Теперь я рассмотрел источник оранжевого отсвета: на горизонтальной решетке ярко пылал огонь, а кочерга, повергшая меня на пол, лежала одним концом в самом сердце пламени, и красное каление на глазах распространялось по металлу все выше, к деревянной ручке. Глянув на часы, я обнаружил, что пролежал без чувств много часов — дело близилось к полуночи. А также одного взгляда хватило, чтобы понять, что сижу я в старом плетеном кресле и к нему привязан — я видел веревки. Я напряг мышцы и не без удовлетворения убедился, что путы не слишком туги и слегка провисают. До сих пор мне удавалось не думать об изменениях в чертах Джулиана, но вот он повернулся ко мне — и я собрался с духом и приготовился к неизбежному шоку.
Лицо его превратилось в бесстрастную белую маску, на которой горели холодным злобным огнем неописуемо чуждые глаза!
— А! С возвращением, дорогой братец. И что ты на меня пялишься? Неужто лицо мое так чудовищно? Позволь тебя заверить, тебе оно и вполовину не так омерзительно, как мне!
В моем одурманенном, онемелом мозгу забрезжила чудовищная правда — или то, что я счел за таковую.
— Темные очки! — задохнулся я. — Неудивительно, что ты не снимаешь их даже ночью. Ты не можешь и допустить, чтобы кто-то видел эти страшные проявления глазной болезни!
— Глазная болезнь, говоришь? Нет, твои рассуждения верны лишь отчасти. Да, мне приходится носить очки — чтобы себя не выдать, а это, поверь мне, очень не понравилось бы тем, кто меня послал. Ибо Ктулху, что скрывается под волнами на другом конце мира, уже возвестил господину моему Отууму о своем недовольстве.
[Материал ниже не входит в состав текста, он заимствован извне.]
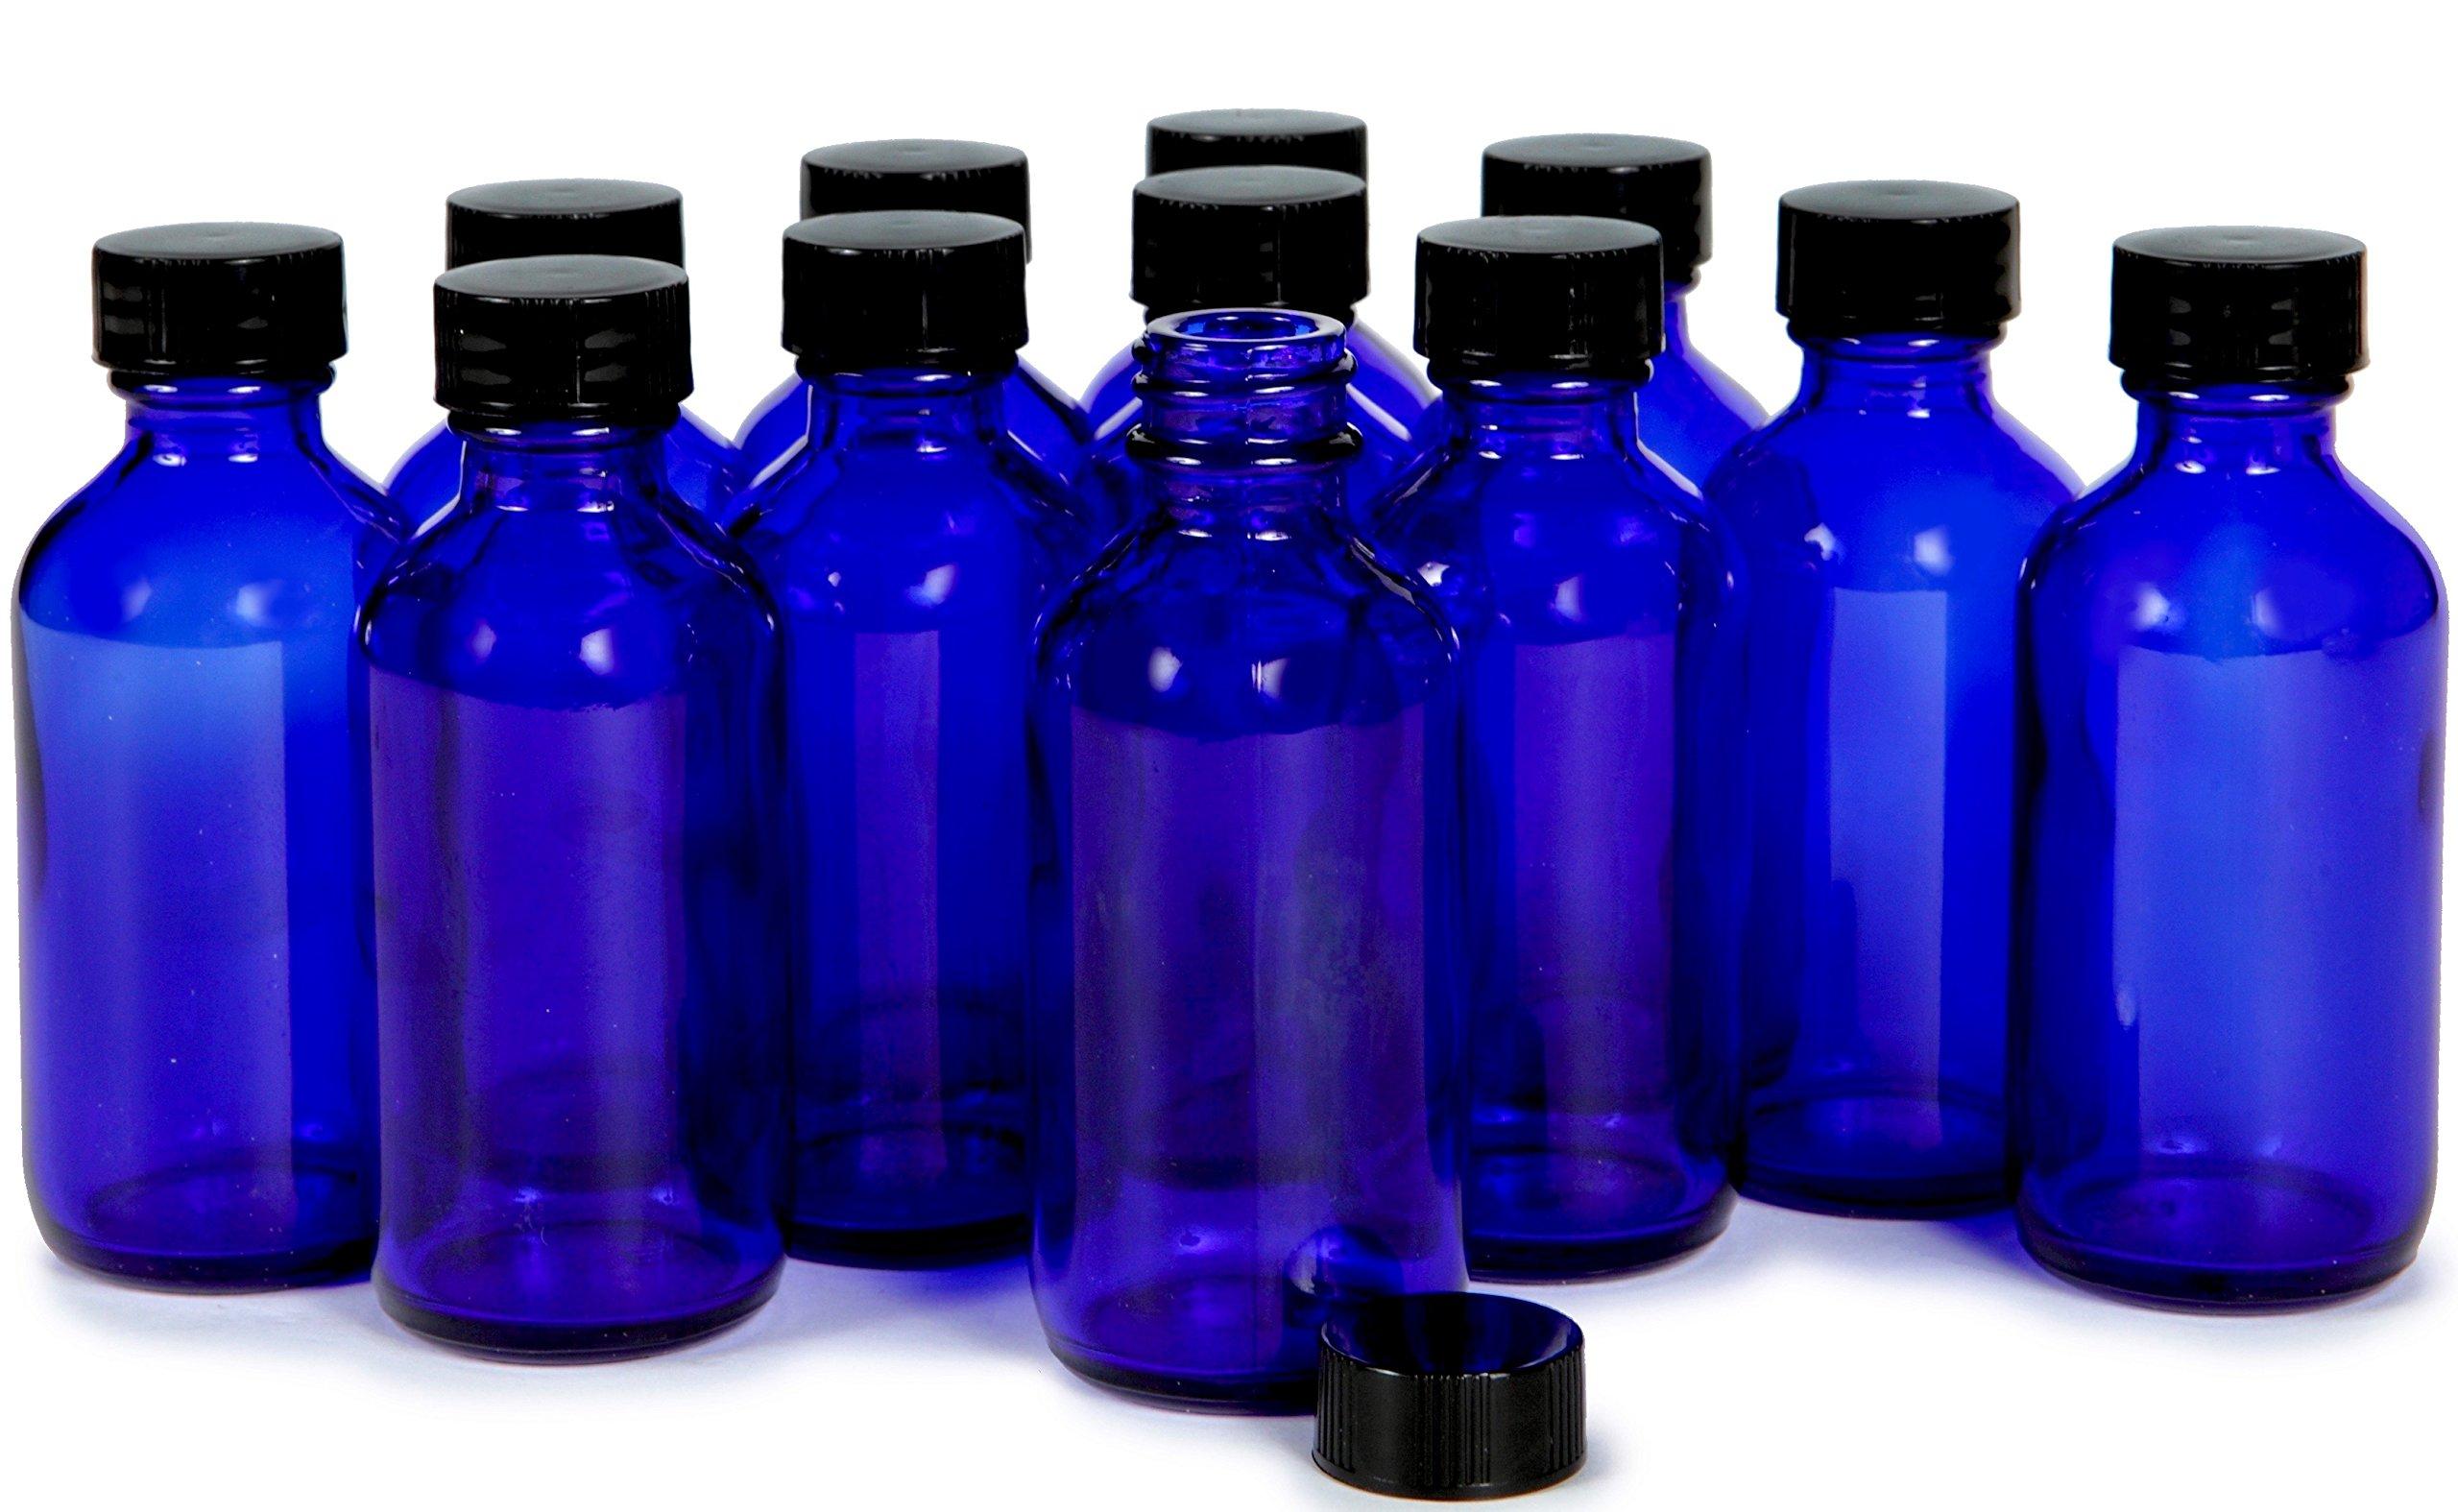 vivaplex 12 amber 2 oz glass bottles with lids beauty. Black Bedroom Furniture Sets. Home Design Ideas

Они говорили через сны, и Ктулху
Я знал: то, что брат говорит, неправда и правдой быть не может, я взывал к нему, умоляя признать собственное безумие. Лепетал, что современная медицина-де наверняка сумеет вылечить его глаза, что бы уж с ними ни случилось. Но слова мои заглушил его холодный смех.
— Джулиан! — заклинал я.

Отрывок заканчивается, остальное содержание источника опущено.